Initially, Santander and Bolívar were considered close friends and allies, but gradually political and ideological differences emerged. It is considered by modern scholars that Santander believed in the sanctity of constitutional government and in the rule of law, perhaps to a greater degree than Bolívar, who would have allegedly thought that those concerns were secondary to what he perceived as the actual needs and solutions that historical circumstances demanded, and thus could be subject to flexibility .

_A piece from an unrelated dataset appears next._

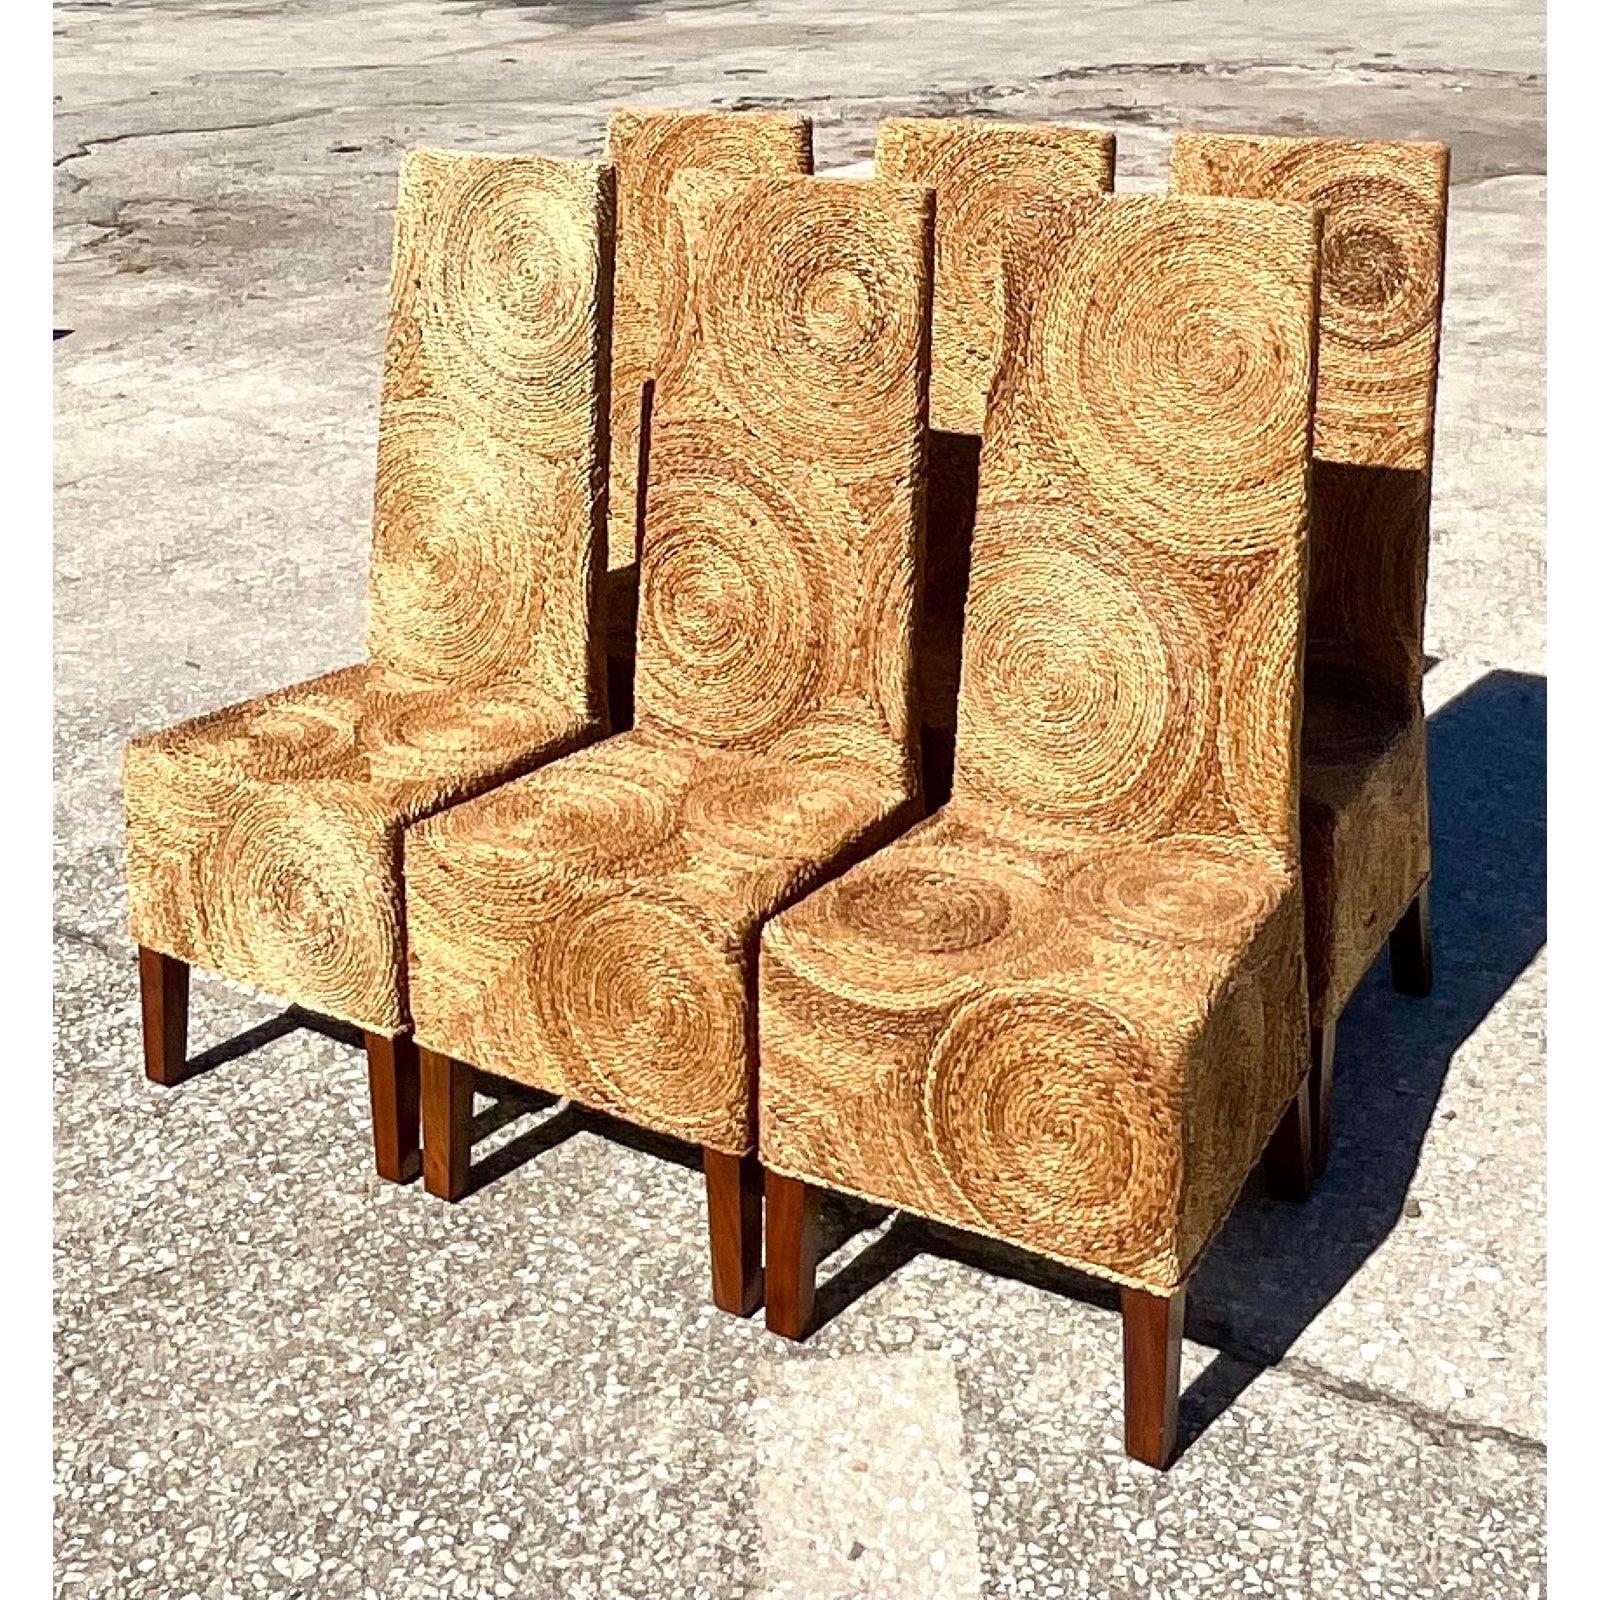 Fantastic vintage coastal dining chairs. Beautiful twisted rattan in a circles design. High backs and wood legs make these an easy addition to any décor. Acquired from a Palm Beach estate.

In 1826, when the first Venezuelan uprising occurred, Santander and Bolívar came to disagree about how to handle the situation. Santander believed that the rebels, led by José Antonio Páez and federalist sympathizers, should be punished or at least made to openly submit to the established constitutional order. When Bolívar, who had returned from Peru and reassumed his executive powers, arranged for an amnesty and placed Páez as supreme military chief of the department of Venezuela, Santander felt that the central government's authority and the rule of law were being undermined by the constitutional President himself in a personalist manner.

Santander also disagreed with Bolívar's attempt to promote a reform of the 1821 constitution before it was legally permitted (the constitution stated that ten years had to go by), and especially with Bolívar's attempted nationwide implementation of the constitution that he had previously drafted for Bolivia, which among other provisions called for a lifelong presidency with the ability to select a direct successor. In Santander's opinion, this could place the country dangerously close to monarchism..

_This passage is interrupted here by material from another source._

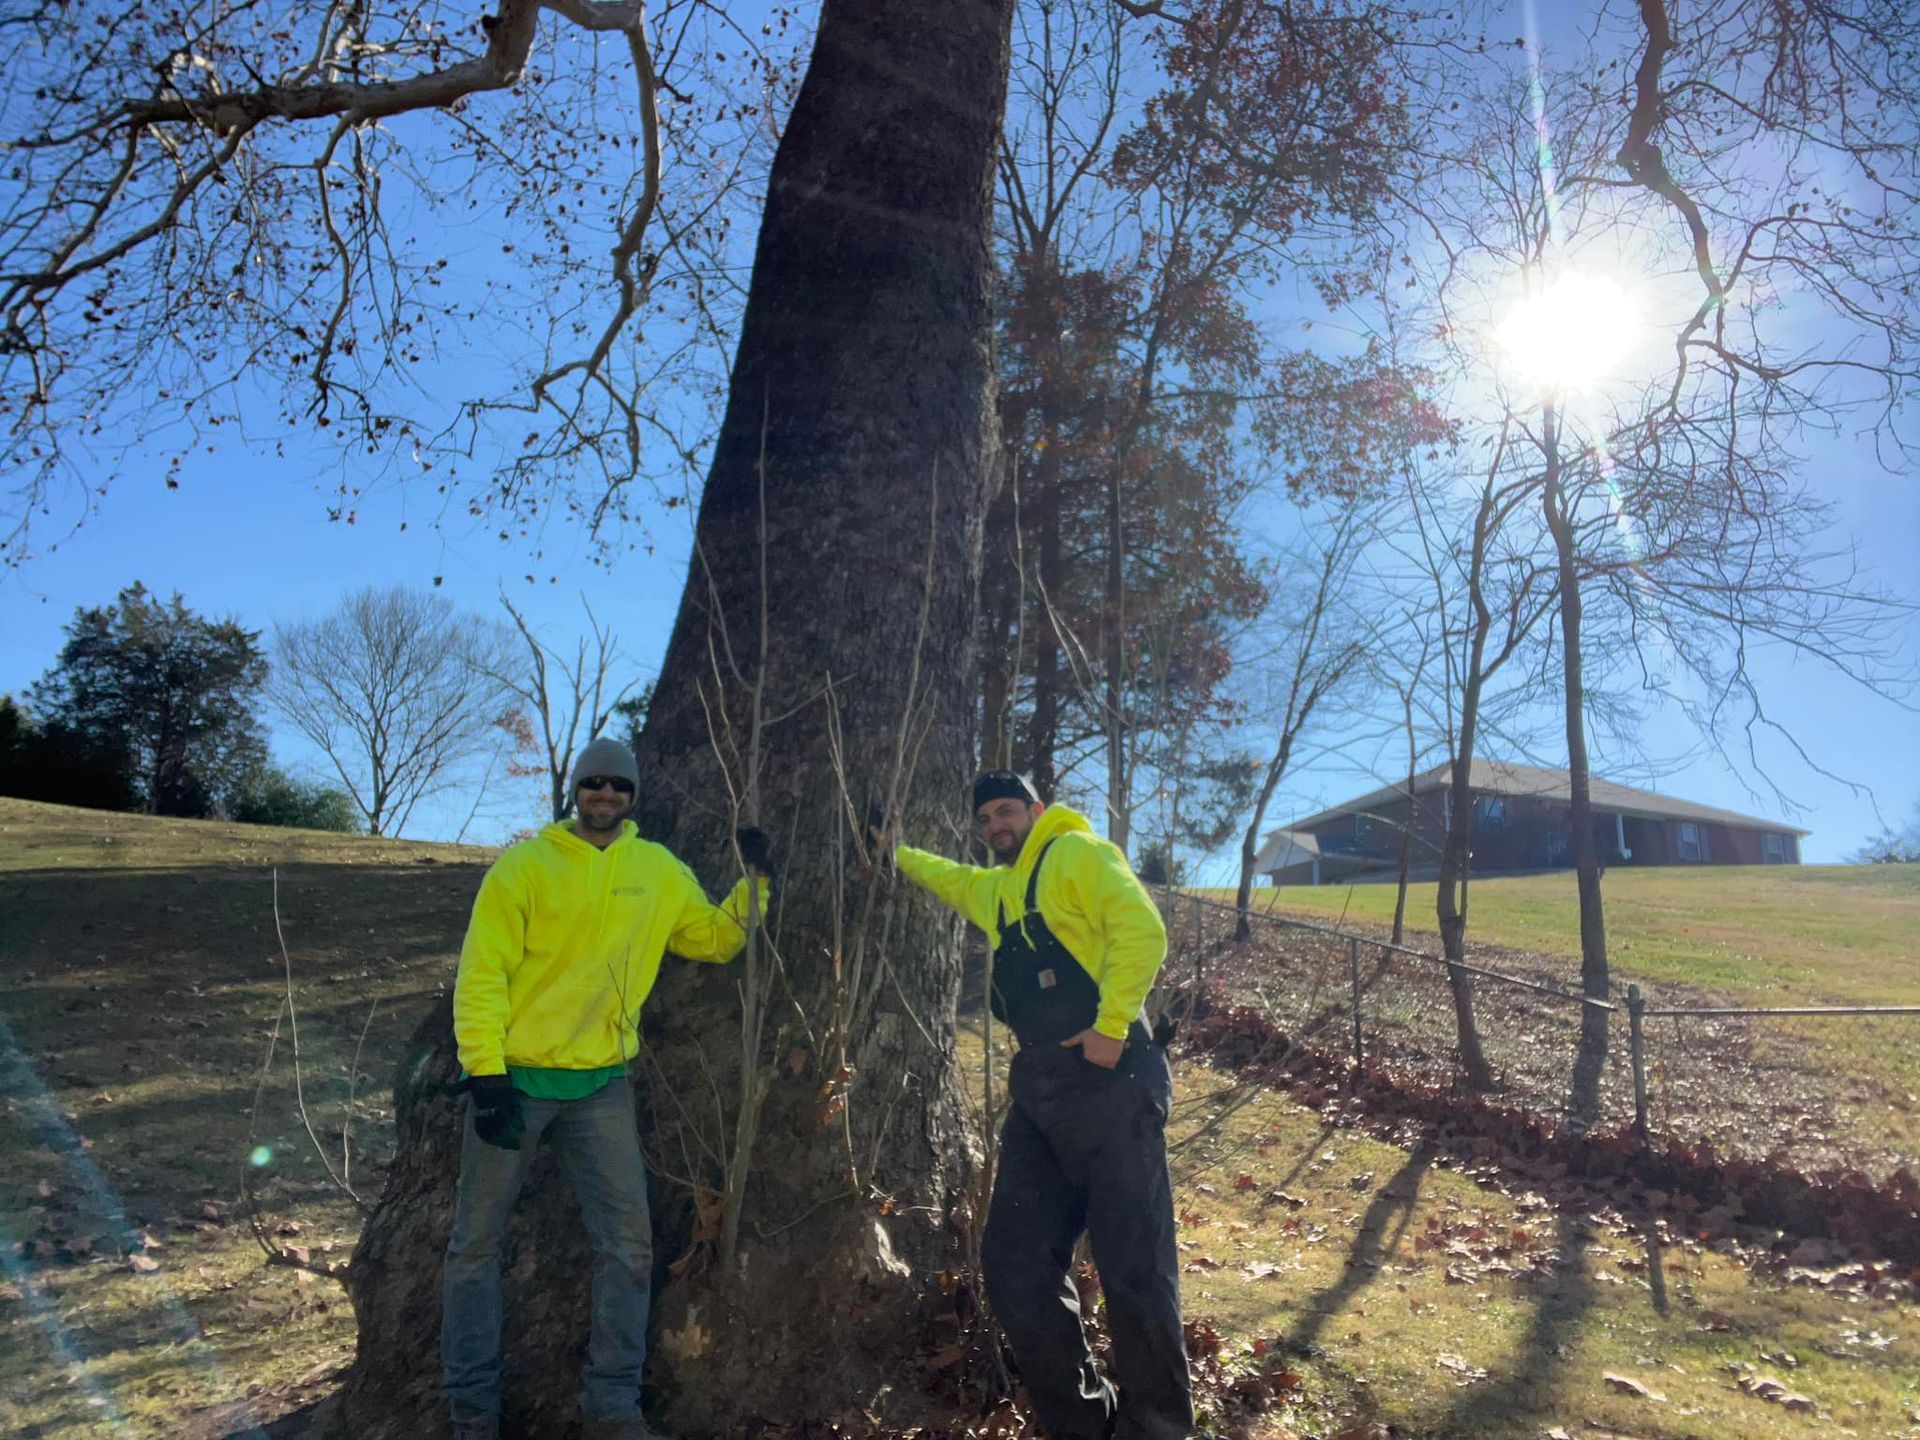 two men are standing next to a large tree in a field .

In 1828, growing internal conflicts continued. Santander was elected as one of the delegates to the Ocaña constitutional convention, during which both his supporters and other opposition political factions blocked Bolívar's attempts at reform. This led to the sudden exit of many of the delegates supporting Bolívar, who disagreed with the Convention's potential outcome.

These events eventually led Bolívar to declare himself dictator in August of that year, while the office of the vice president was abolished.

Santander and his political sympathizers felt that this act betrayed liberalism and the ideology of the Age of Enlightenment, some even comparing Bolívar to Napoleon or Julius Caesar.

On September 25, 1828, Bolívar escaped an assassination attempt. Among those blamed was Santander who, in a quick military trial headed by General Rafael Urdaneta, was originally sentenced to die without specific proof of his participation in the event, but Bolívar pardoned him, commuted his sentence and ordered his exile.

Even today, the details are not totally clear and the evidence appears to be inconclusive. Some historians consider that Santander knew about the possibility of an assassination attempt and initially opposed it, but eventually allowed it to happen without his direct participation. This position was eventually assumed by Santander himself later in his life. Others consider that Santander may have been involved in the plan from the beginning as it would benefit him politically, though no direct proof of his role has been found.

==Exile==

After receiving his sentence, Santander left Bogotá on November 15, 1828, where he was taken as a prisoner to the city of Cartagena de Indias where he planned to board a ship and go into exile. This plan would change however as when he arrived near outskirts of the city in December 1828 his guards were instructed by General Mariano Montilla, chief of the Magdalena district, that Santander would not be allowed into the city itself but instead be taken to the fortress of San Fernando de Bocachica. Although Santander was sentenced to exile by the Council of Ministers, Montilla together with Urdaneta decided to detain him illegally and imprison him in the fortress where he would remain December 4 to 19. Santander, who had left Bogotá sick, saw his health decline due to conditions of the cell where he was placed, he sent several letters complaining about the situation to both Bolívar and Montilla.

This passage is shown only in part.